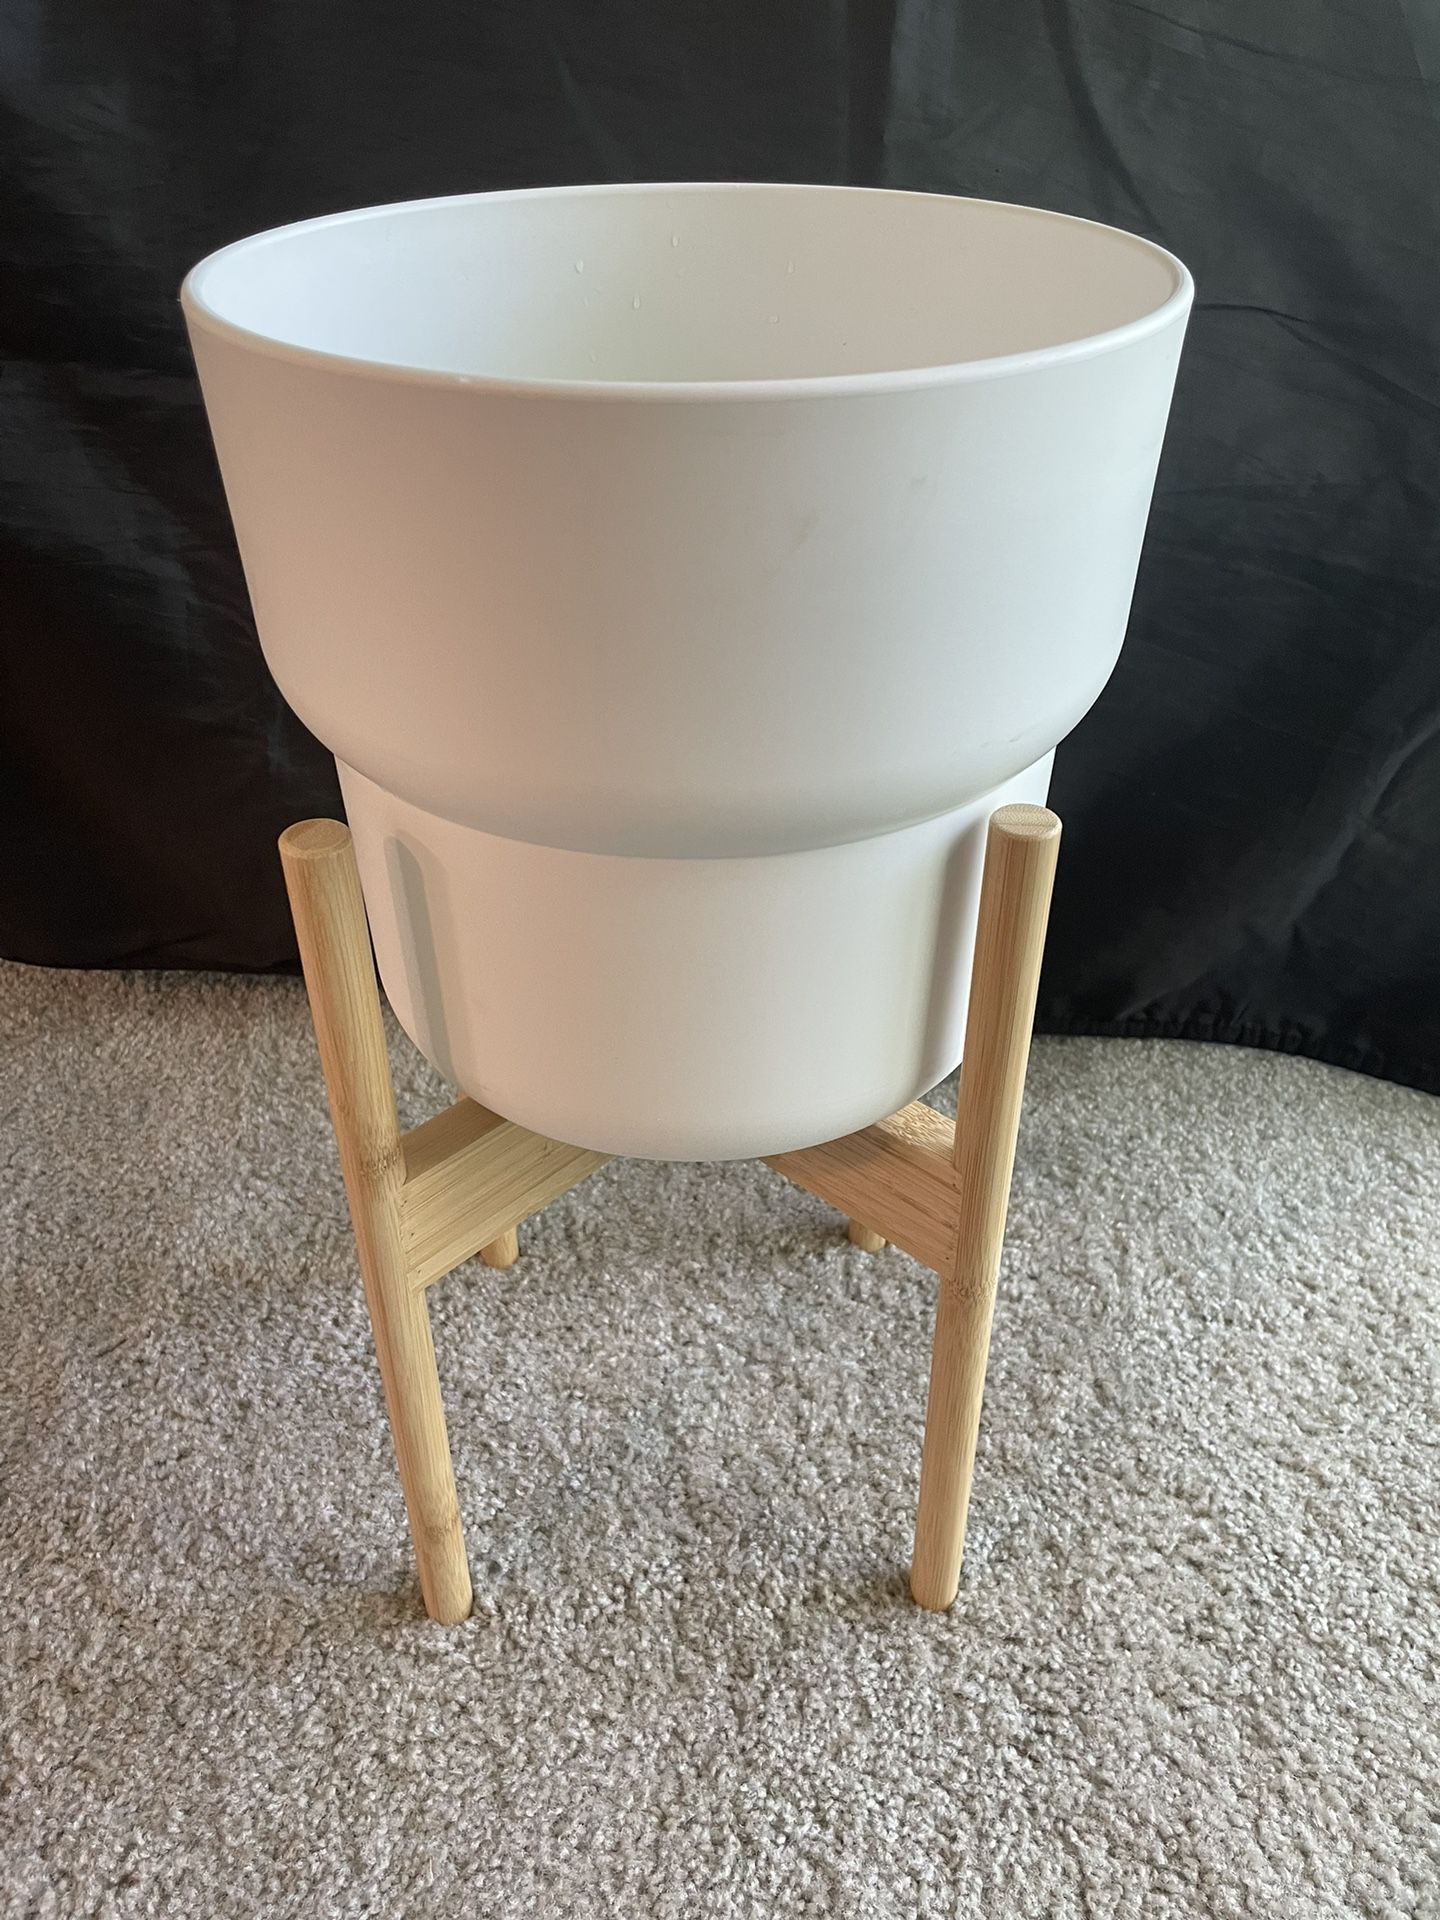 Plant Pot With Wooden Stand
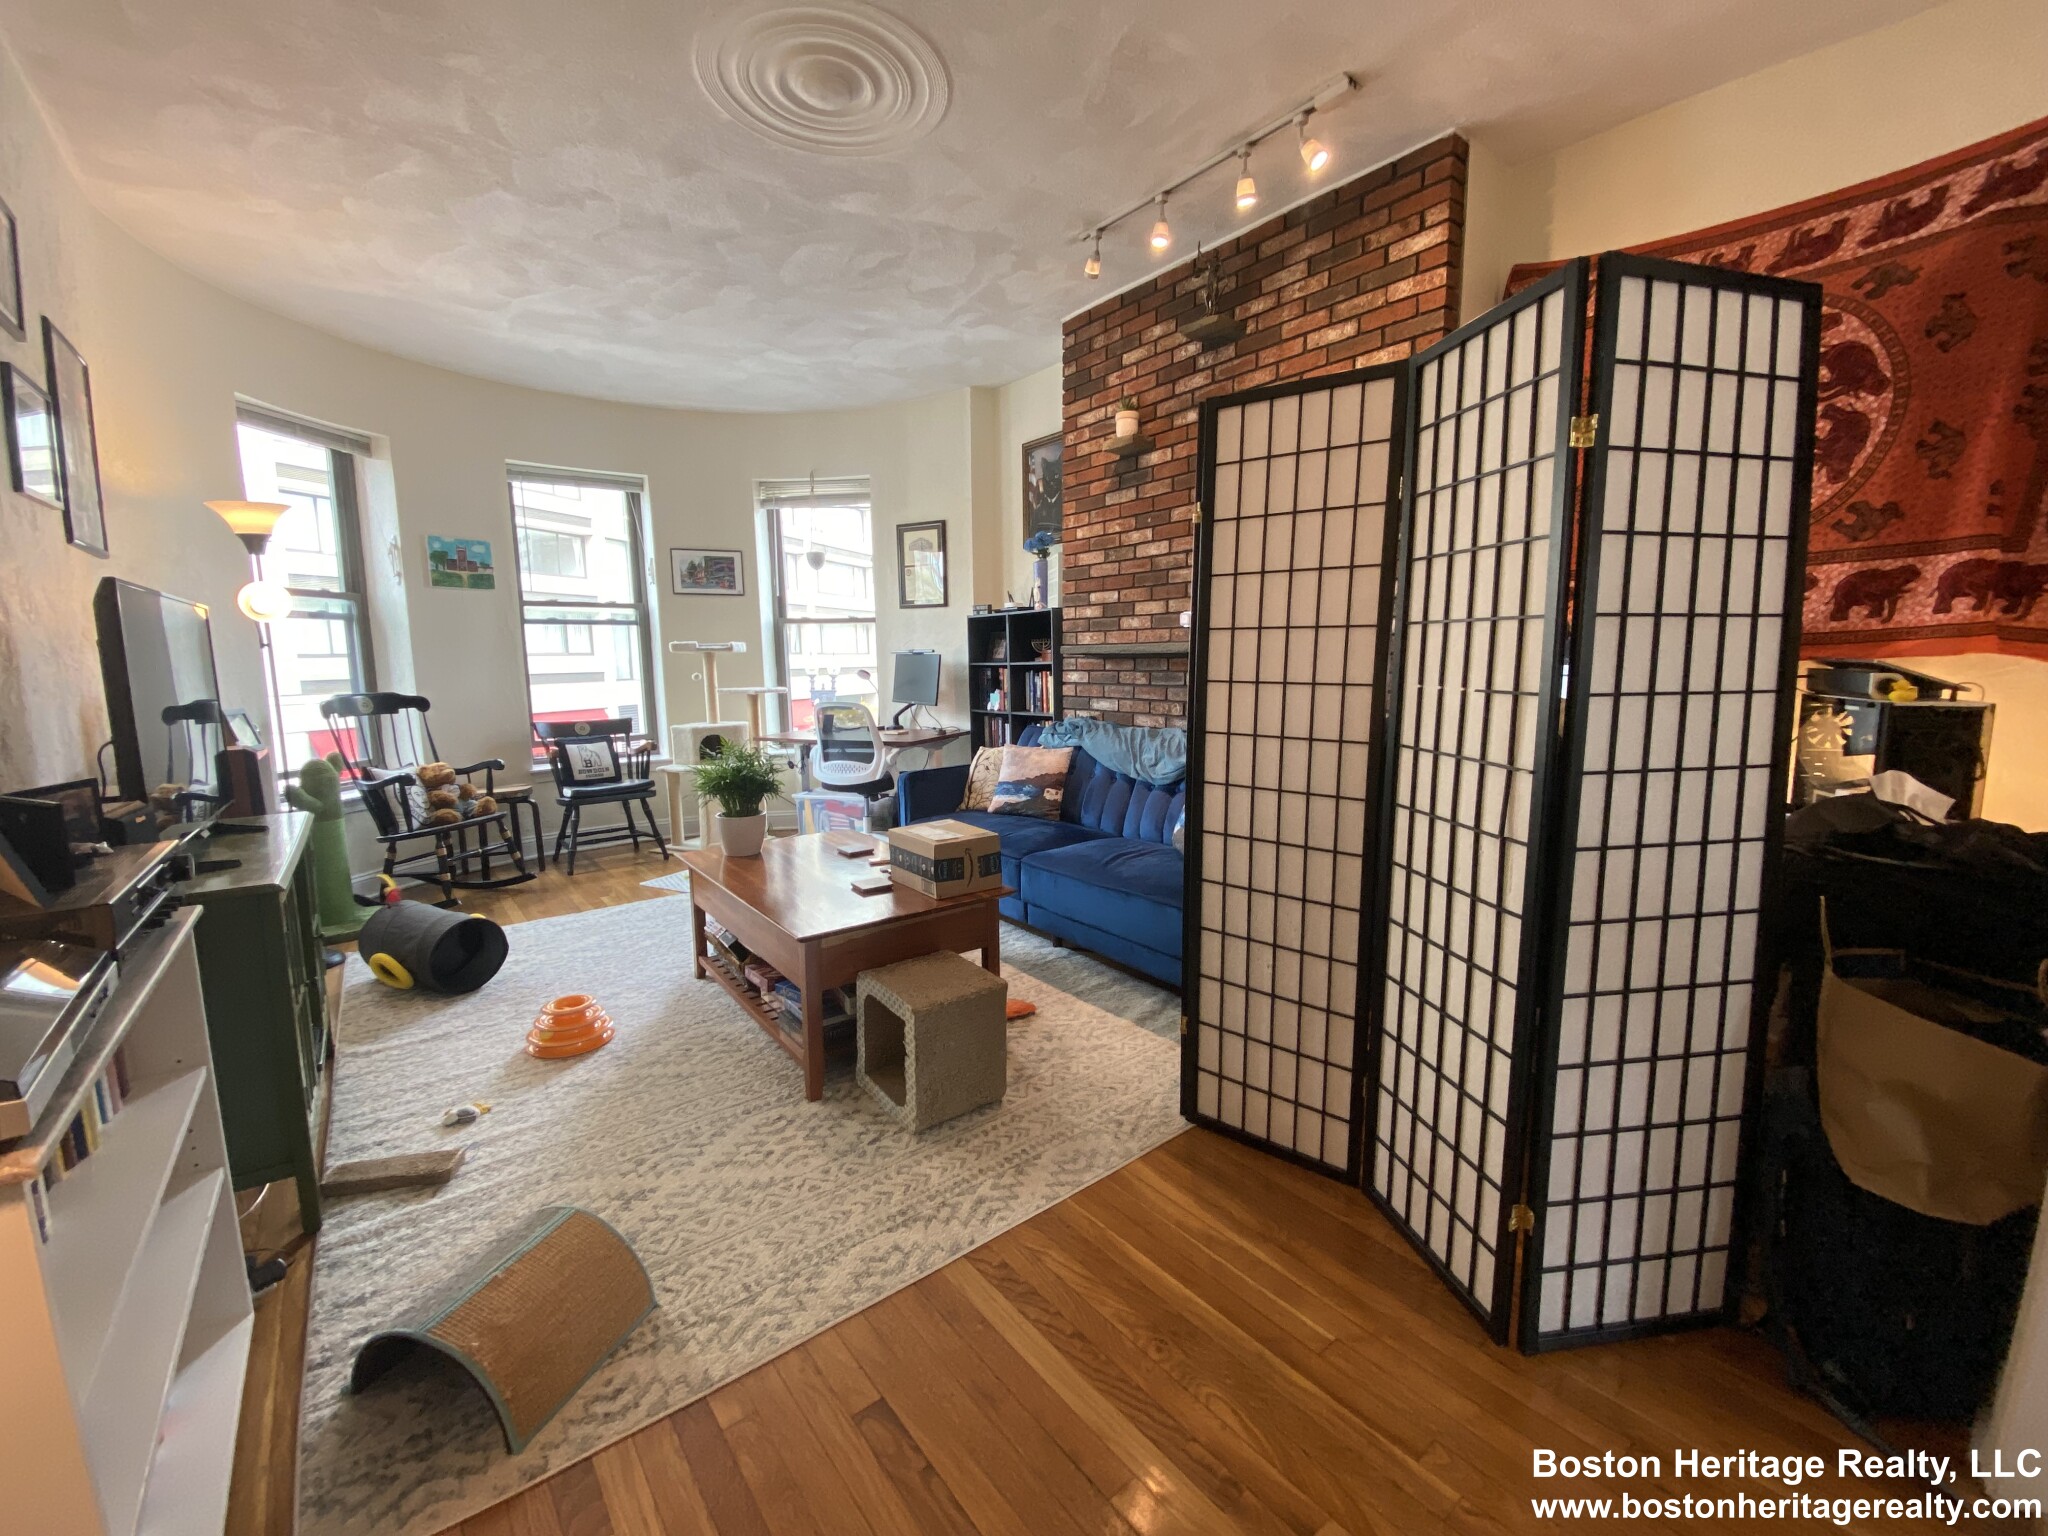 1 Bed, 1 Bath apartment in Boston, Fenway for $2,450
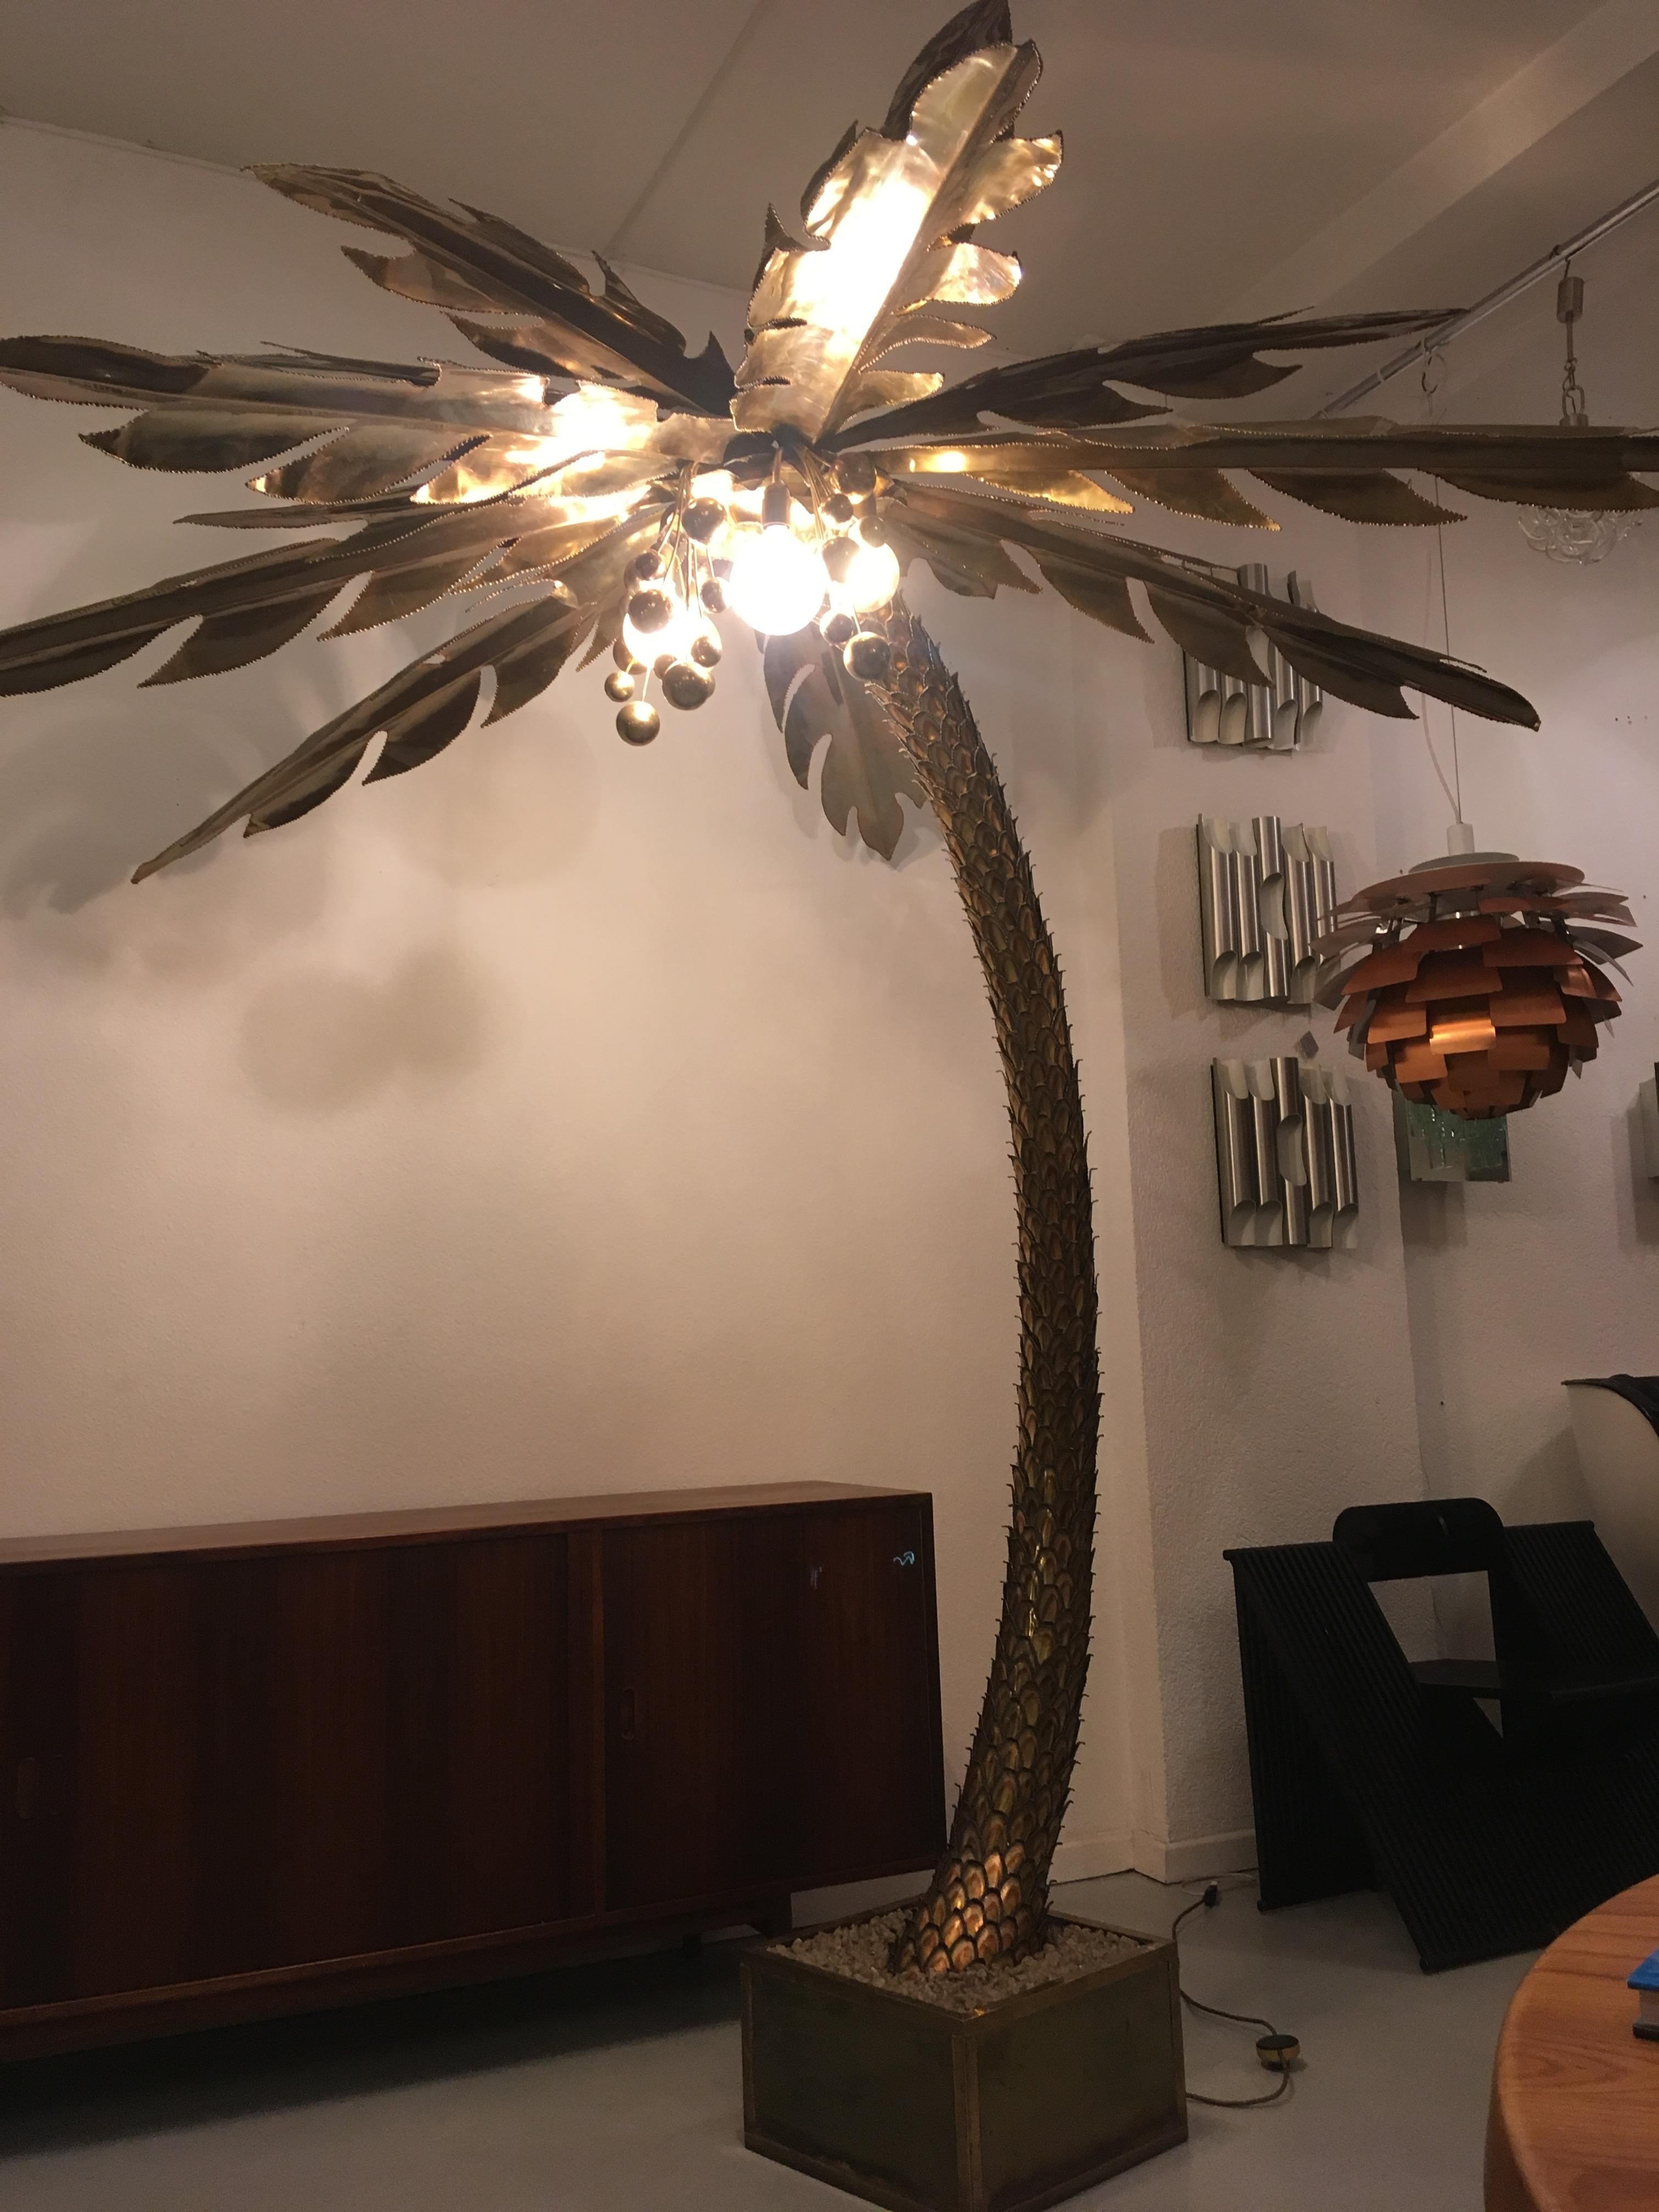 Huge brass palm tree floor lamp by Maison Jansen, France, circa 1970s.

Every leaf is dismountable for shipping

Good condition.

▶ **WHAT YOU HAVE TO DO**: From the line that contains "Huge brass palm" to the final line of the entries, reproduce every line exactly, both ends included. Leave out all pictures.

▶ **SOLUTION TO THIS TASK**:
 Huge brass palm tree floor lamp by Maison Jansen, France, circa 1970s.

Every leaf is dismountable for shipping

Good condition.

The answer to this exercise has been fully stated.